• [Data excerpt]
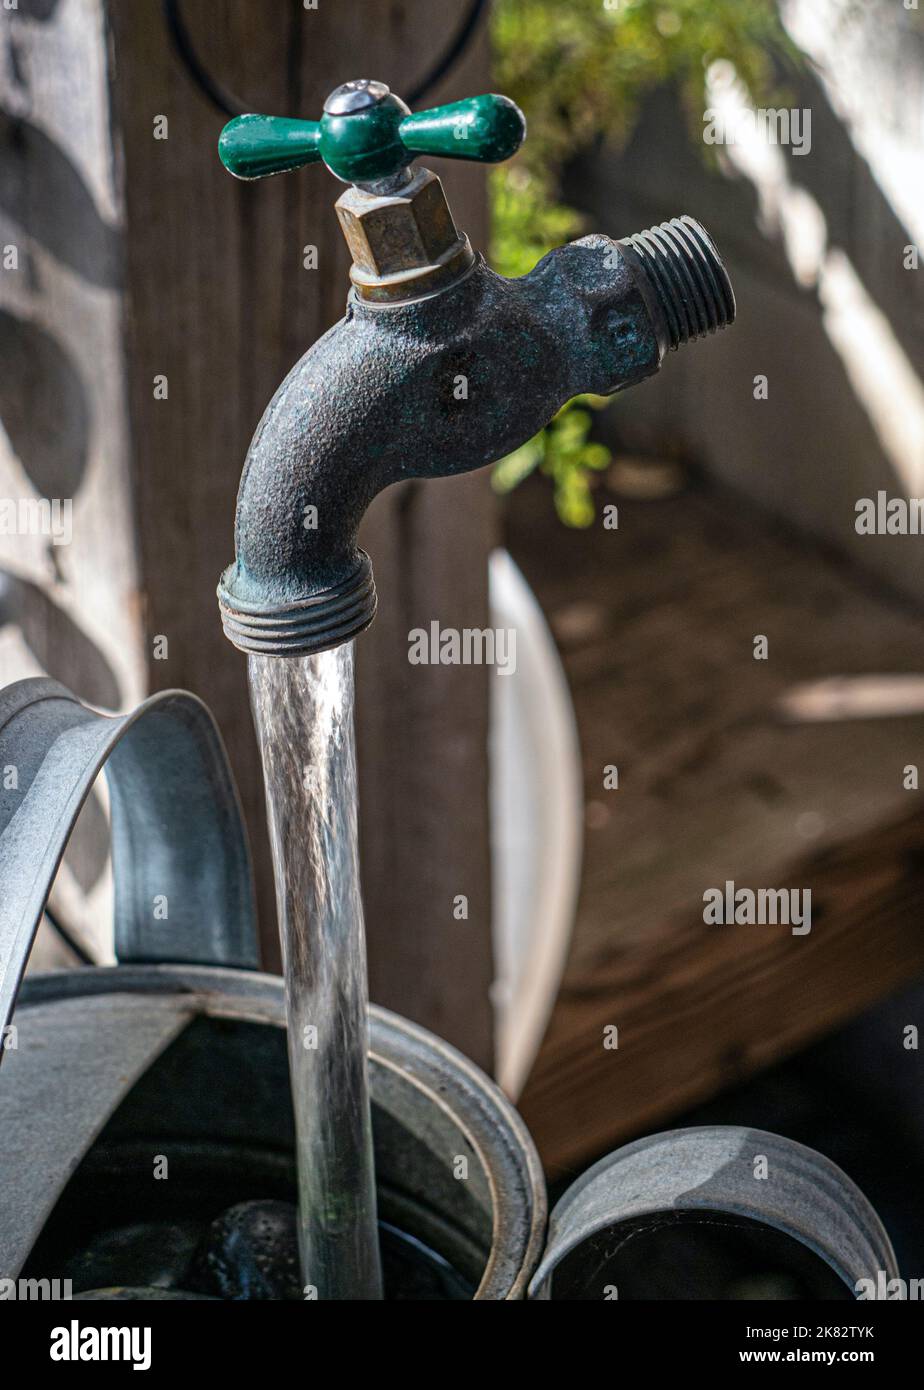 Magic Garden Tap feature water apparently running novelty trick, water running into stone filled water bucket from water tap appearing to float in air Stock Photo
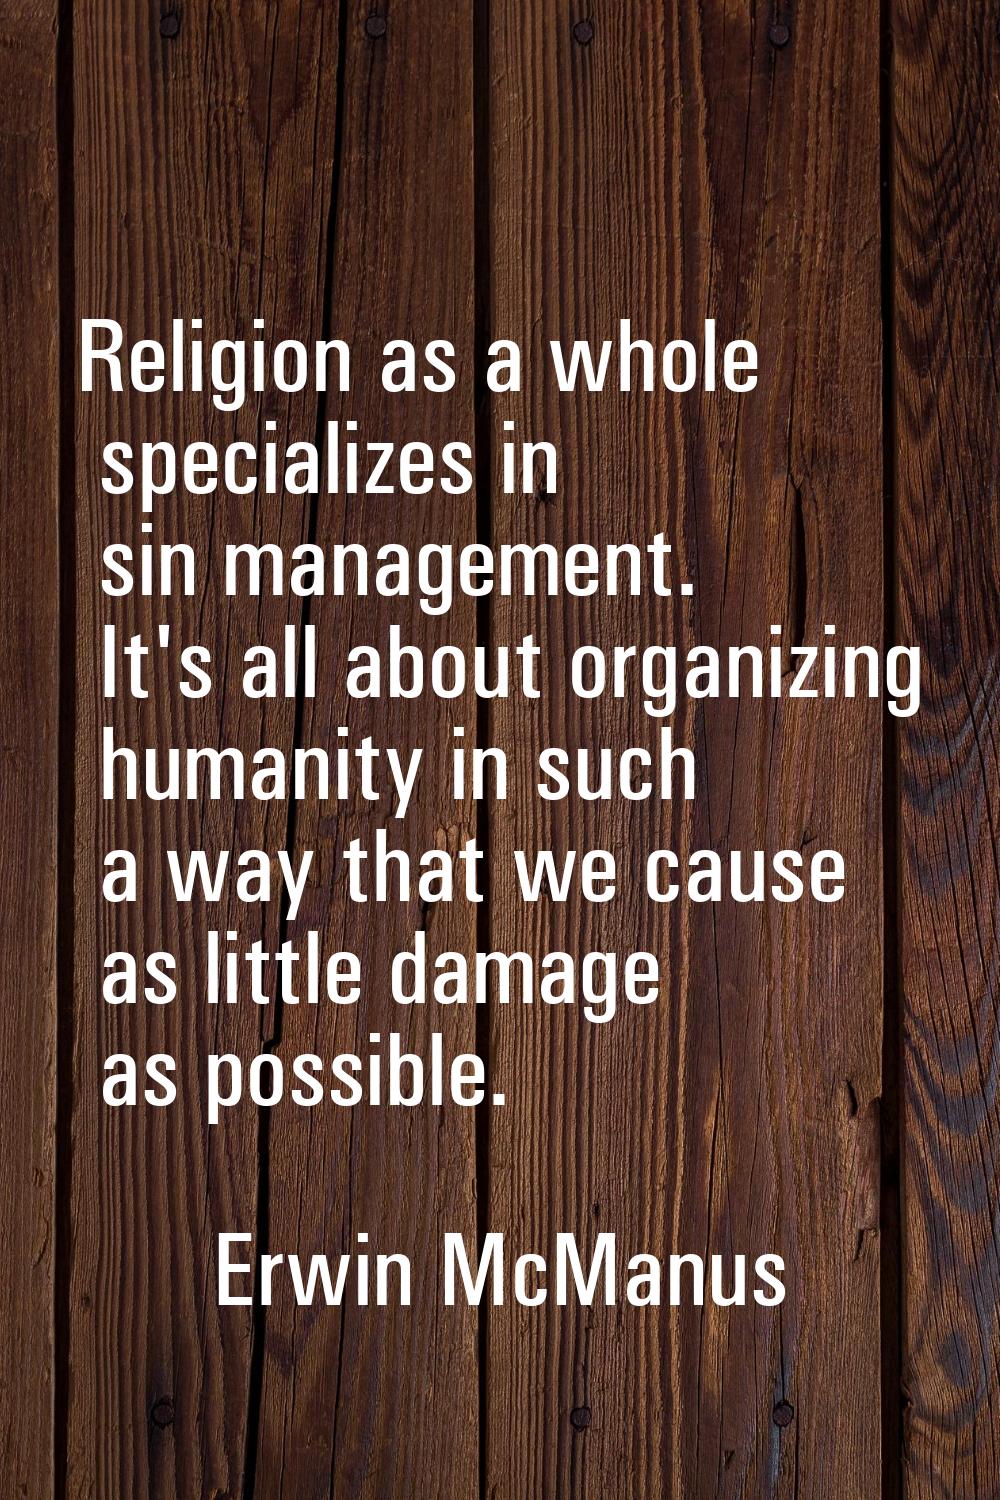 Religion as a whole specializes in sin management. It's all about organizing humanity in such a way
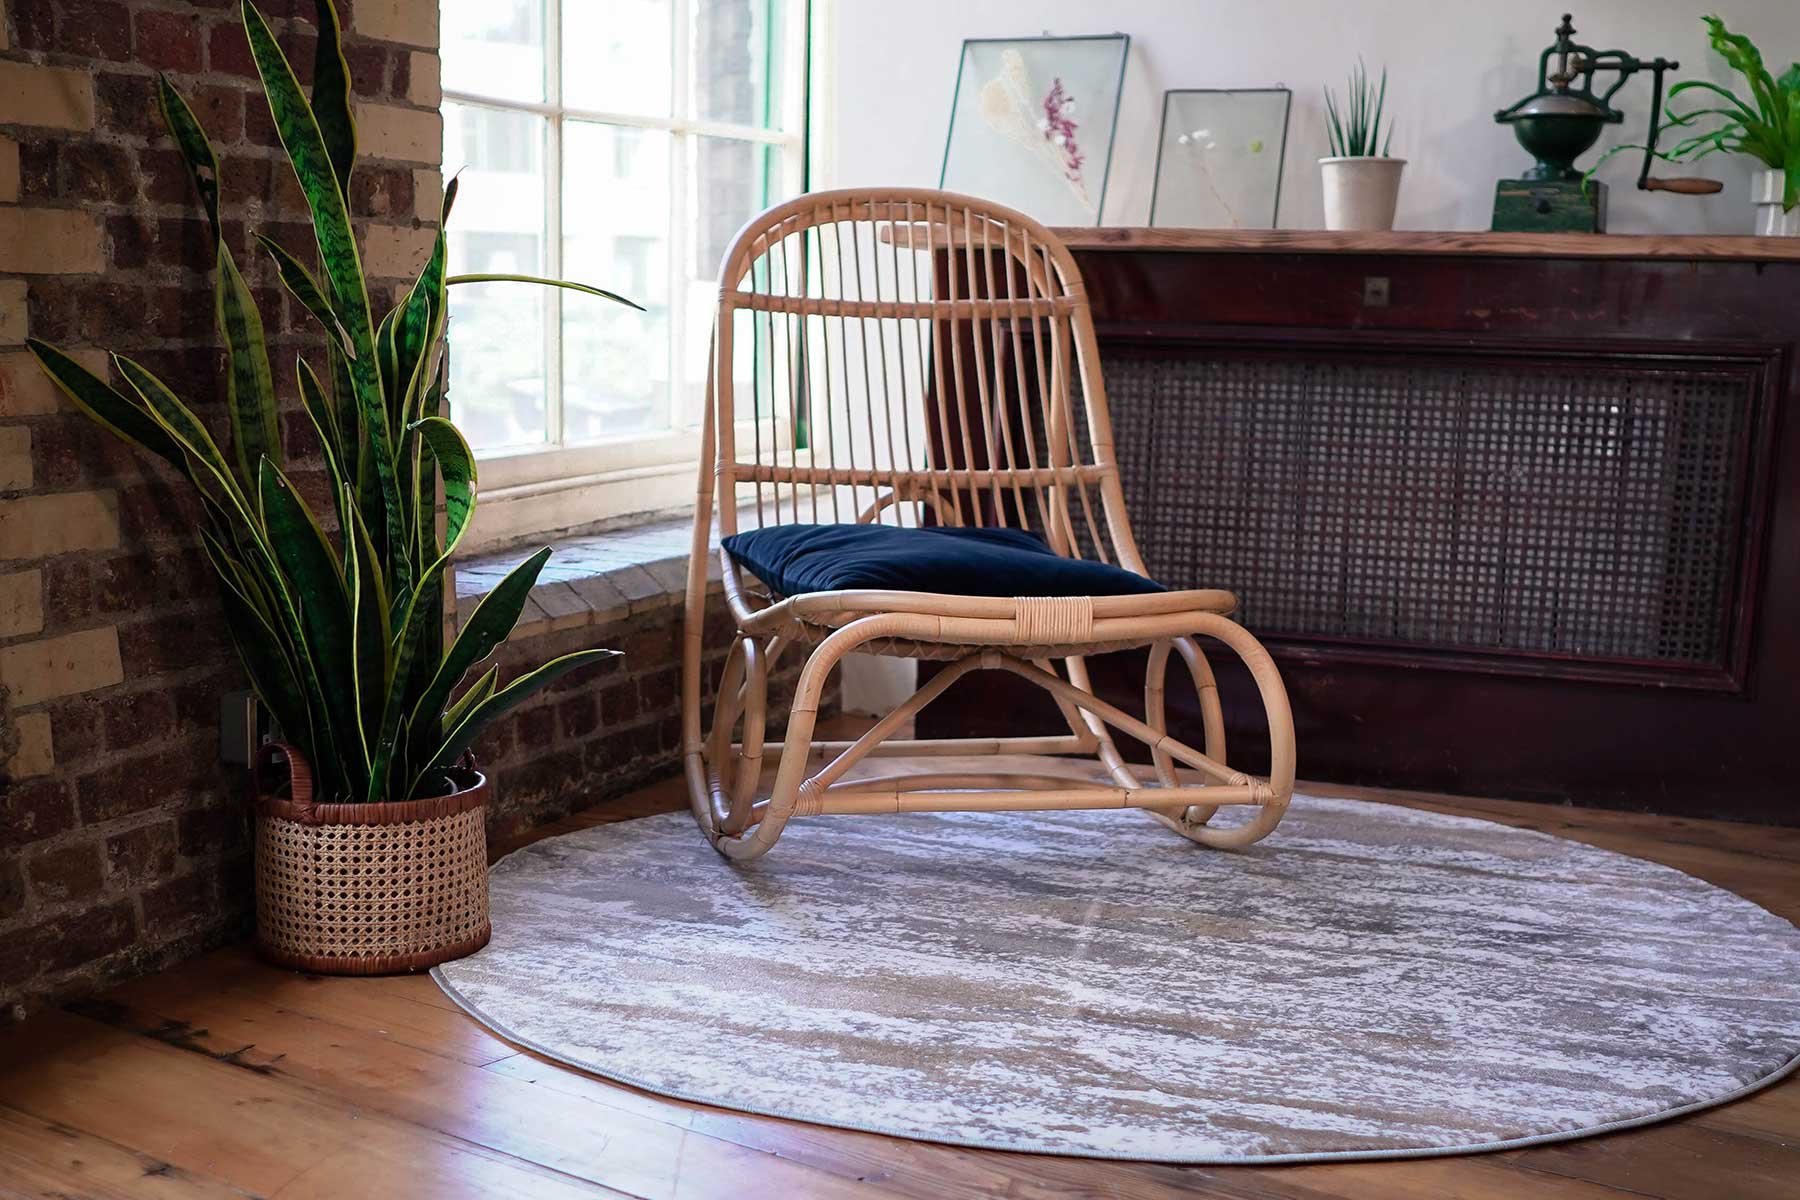 Using Round Rugs in Unexpected Ways

• [Task requirements] Please reproduce the lines exactly from the one containing "Religion as a" through the last line of the data above, and keep the pictures out.

• [Answer section]
 Religion as a whole specializes in sin management. It's all about organizing humanity in such a way
 Using Round Rugs in Unexpected Ways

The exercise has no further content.